An important element of this research focuses on the underlying technology techniques as well as the data set itself: this becomes an exercise in scrutinizing the quality of the inputs that go into AI workflows, to search for any attributes that would require us to question even unintentional, inherent quality concerns with the training process.

For example, we would explore whether using training data from a particular classification of data ‘custodian’ (male or female, for example) produces biased results that detract from overall truth-seeking objectives.  We will also filter for certain types of ‘issue focuses’ within training data sets, to see whether the resulting model is biased to a given subset of issues.

For the final component of our study, we will evaluate the impact on bias that might be borne from the document labels themselves.  We will set out to examine the labeling of responsive documents from key selected custodians to test the model’s bias.

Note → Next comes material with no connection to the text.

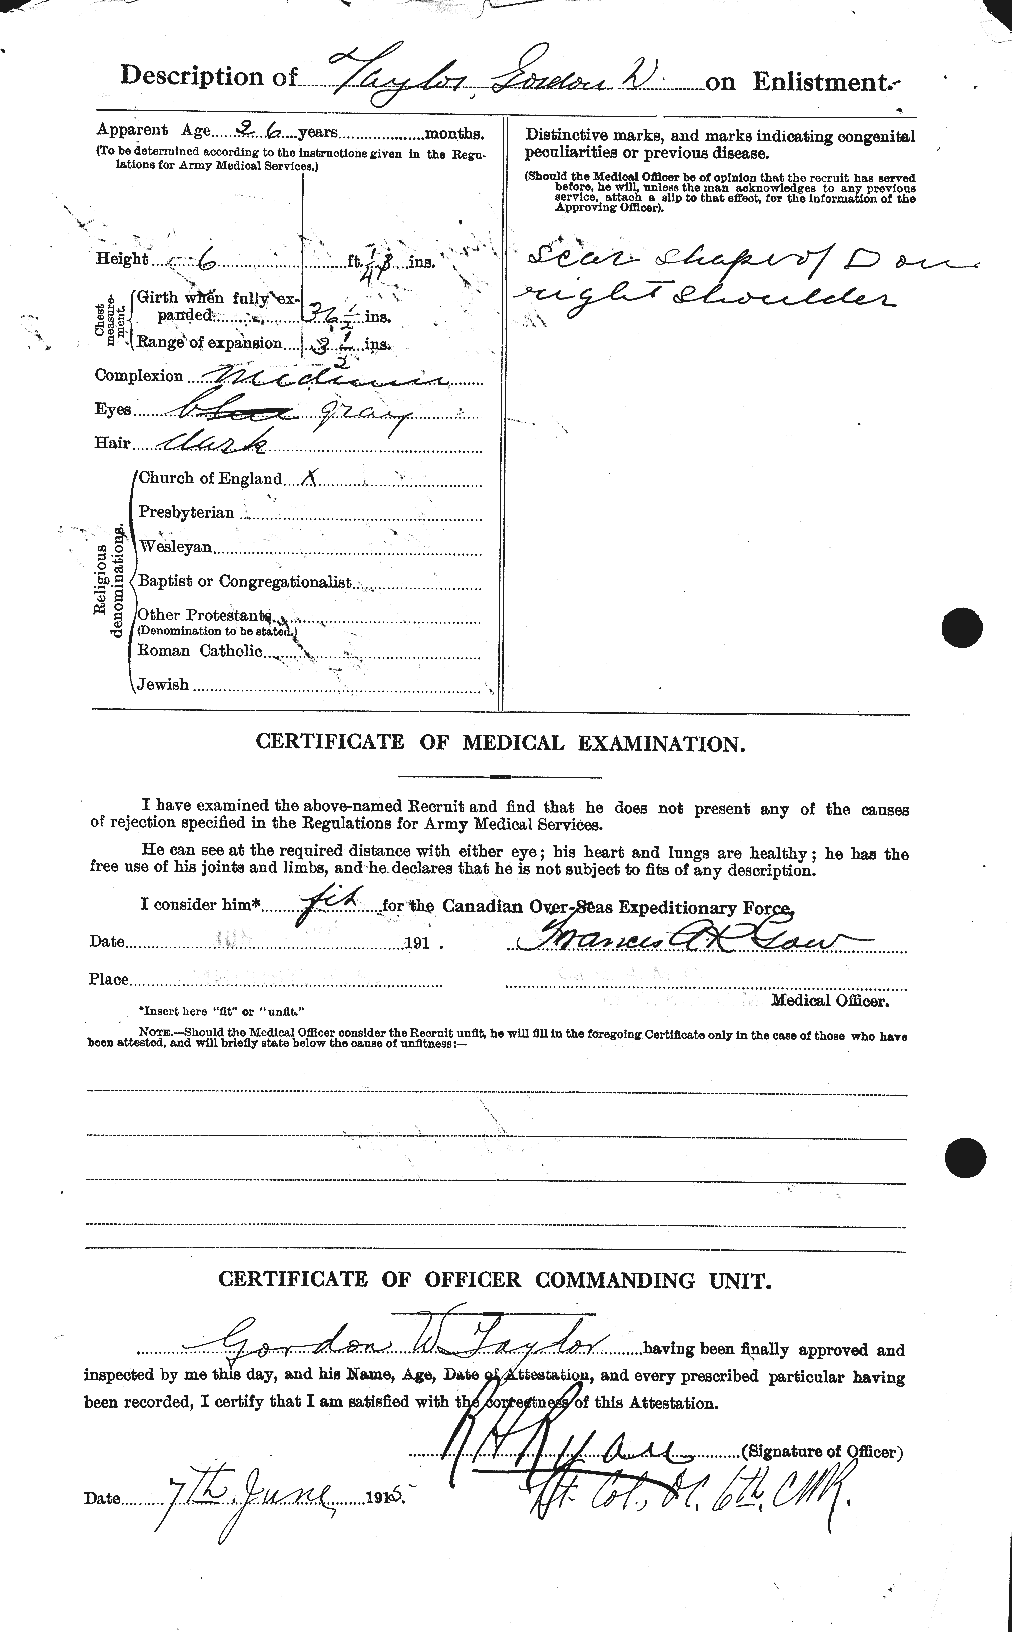 Personnel Records of the First World War - CEF 626392b

Underlying all of this is a need to test and define the impact of human involvement in building search algorithms.  It is important to establish a very basic principle:  we are only embarking on the deployment – and scrutinty – of technology assisted review – for the ultimate goal to discover truth and accuracy in the facts that underpin legal matters.

As such, we focus on the proper techniques in  (i) training and validating data preparation, (ii) selecting algorithms and methodologies including active learning and other available approaches, (iii) choosing search features, including the selection of parameters of an algorithm, (iv) determining cut-off scores and their implications, and (v) manually reviewing documents to substantiate our research.

III.        Impact of the Proposed Study

The thrust of this research is highly consequential for the practice of law and the administration and achievement of truth and justice.  Corporate clients and their outside counsel are deeply invested in the inquiries, examanations, and results of this study.  It is essential for the legal community to know how best to harness technology to achieve speed, cost efficiency and the finding of ‘truth’ in legal scenarios. And we hope that this study will be an invaluable contribution to the fascinating integration of AI into legal services, and an important check on its outer limits.

Throughout the next phase of our study we will explore and describe the ways in which bias, mechanics, and vigilance on AI outputs can be realistically evaluated.  We will focus on keeping the technology accessible and reliable, within what we see as important new boundaries, while striving for the discovery of truthful, equitable and defensible results.